В предыдущей части исследования были рассмотрены точки зрения различных исследователей по вопросу общей архитектуры фашистской (нацистской) пропаганды: были рассмотрены типичные пропагандистские приемы и средства, описаны ключевые принципы пропаганды, а также с опорой на труды Эриха Фромма сделана попытка проанализировать основные философские и психологические установки нацистских пропагандистов. Перейдем к конкретике...
Перед прочтением второй части рекомендую изучить первую часть исследования –
«ИРРАЦИОНАЛЬНЫЙ АНТИГУМАНИЗМ КАК ОСНОВА ФАШИСТСКОЙ ПРОПАГАНДЫ. ЧАСТЬ 1»
Предыдущую часть исследования мы закончили на анализе позиции Э. Фромма относительно психологии нацизма (и соответственно нацистской пропаганды как зеркала этой психологии).
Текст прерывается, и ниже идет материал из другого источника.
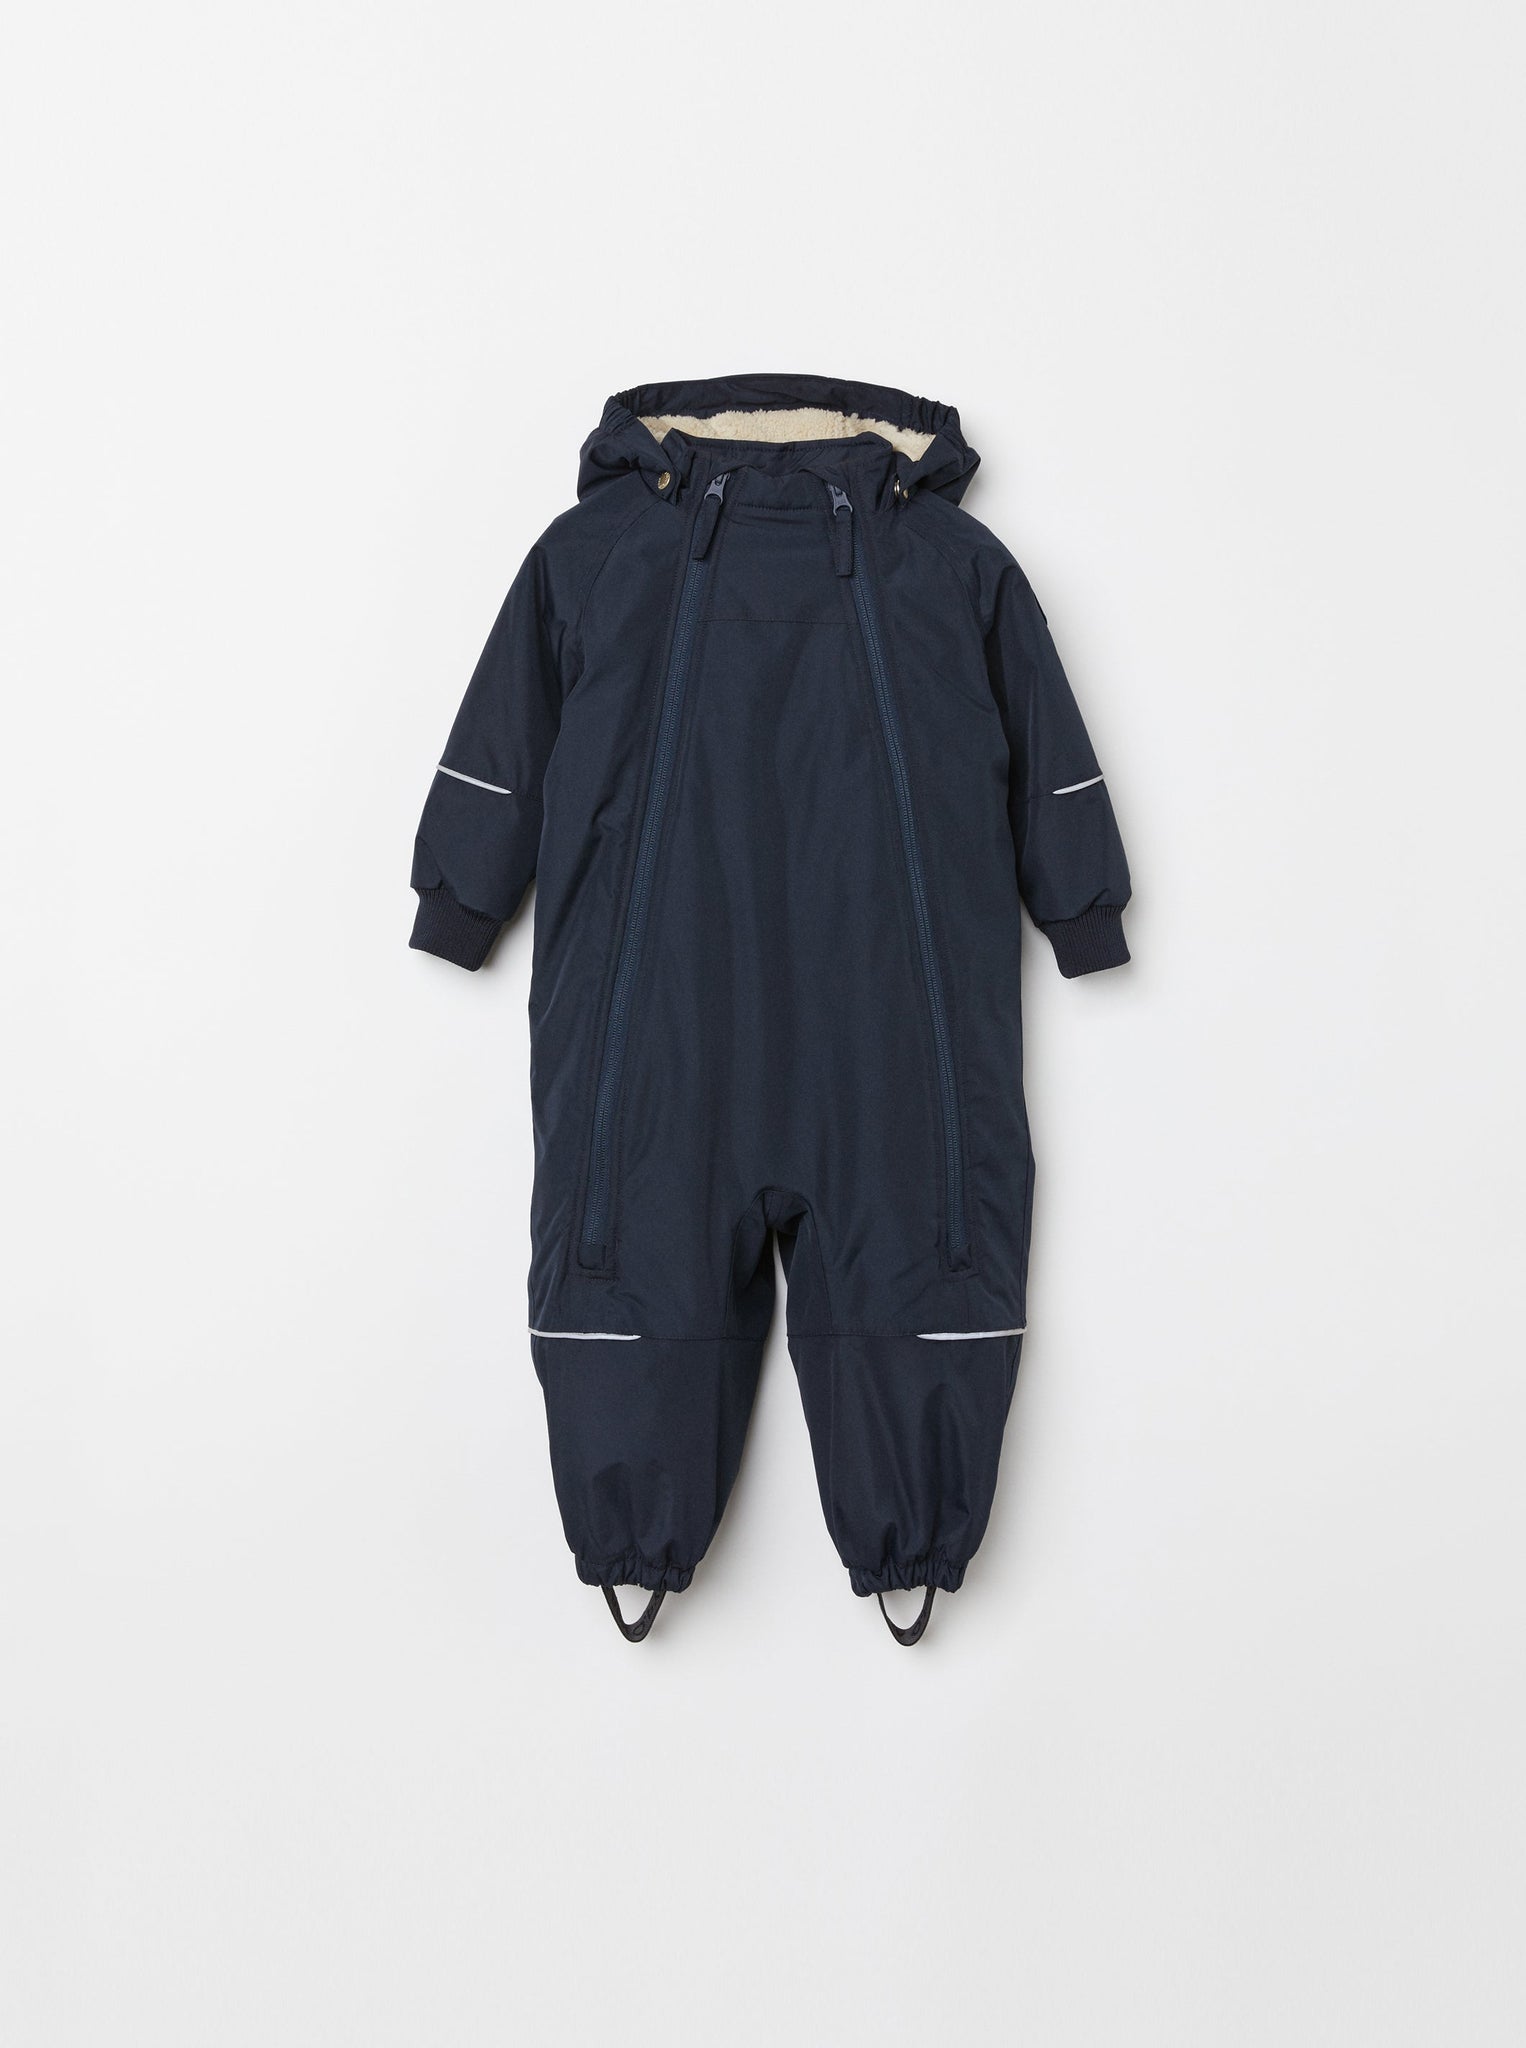 Navy Padded Baby Overall from the Polarn O. Pyret kidswear collection. Quality kids clothing made to last.

Кроме того, в качестве рабочей гипотезы было сформулировано утверждение, что в основе фашистской (нацистской) пропаганды лежит фундаментальное презрение к собственному народу, к народным массам в целом, а также ставка на «эксплуатацию» иррациональности массового сознания и радикальный антигуманизм.
В обоснование данной гипотезы приведу мнение еще одного известного антифашистского мыслителя Бертрана Рассела. В целом, он придерживается аналогичного с Фроммом мнения в этом вопросе. В статье 1935 г. «Происхождение фашизма» Б. Рассел отмечал, что после господства на протяжении последних двухсот лет рационализма наиболее характерным мировоззрением стал иррационализм. Целью же иррационалистов, по мнению Рассела, является не спасение (как, например, в случае религиозного иррационализма – Ч.К.), а власть, страсть к господству. Он пишет: «гитлеровское безумие нашего времени – это паутина мифа, в котором немецкое Эго пытается противостоять Версалю. Ни один человек не рассуждает здраво, когда его самолюбие жесткого задето, и те, кто умышленно унижают нацию, должны быть благодарны только сами себе, если она становится нацией безумных»[i].
(Б.Рассел)
Таким образом, по мнению Б. Рассела, иррациональные элементы в нацистской философии существуют благодаря необходимости заручиться поддержкой той части населения, у которой больше нет никакого смысла к существованию. Низы общества иррациональны, потому что едва ли возможна ситуация, когда мелкие торговцы, например, смогут реализовывать свои надежды, и фантастические верования – фашизм их единственное прибежище от безысходности. Надежды же политической элиты - промышленников и военных могут быть реализованы фашистскими методами и едва ли каким-либо другим путем. Рассел отмечает: «Тот факт, что их надежды могут осуществиться только через разрушение цивилизации, делает их не просто иррациональными, но сатанинскими… Такова психопатология нацизма»[ii].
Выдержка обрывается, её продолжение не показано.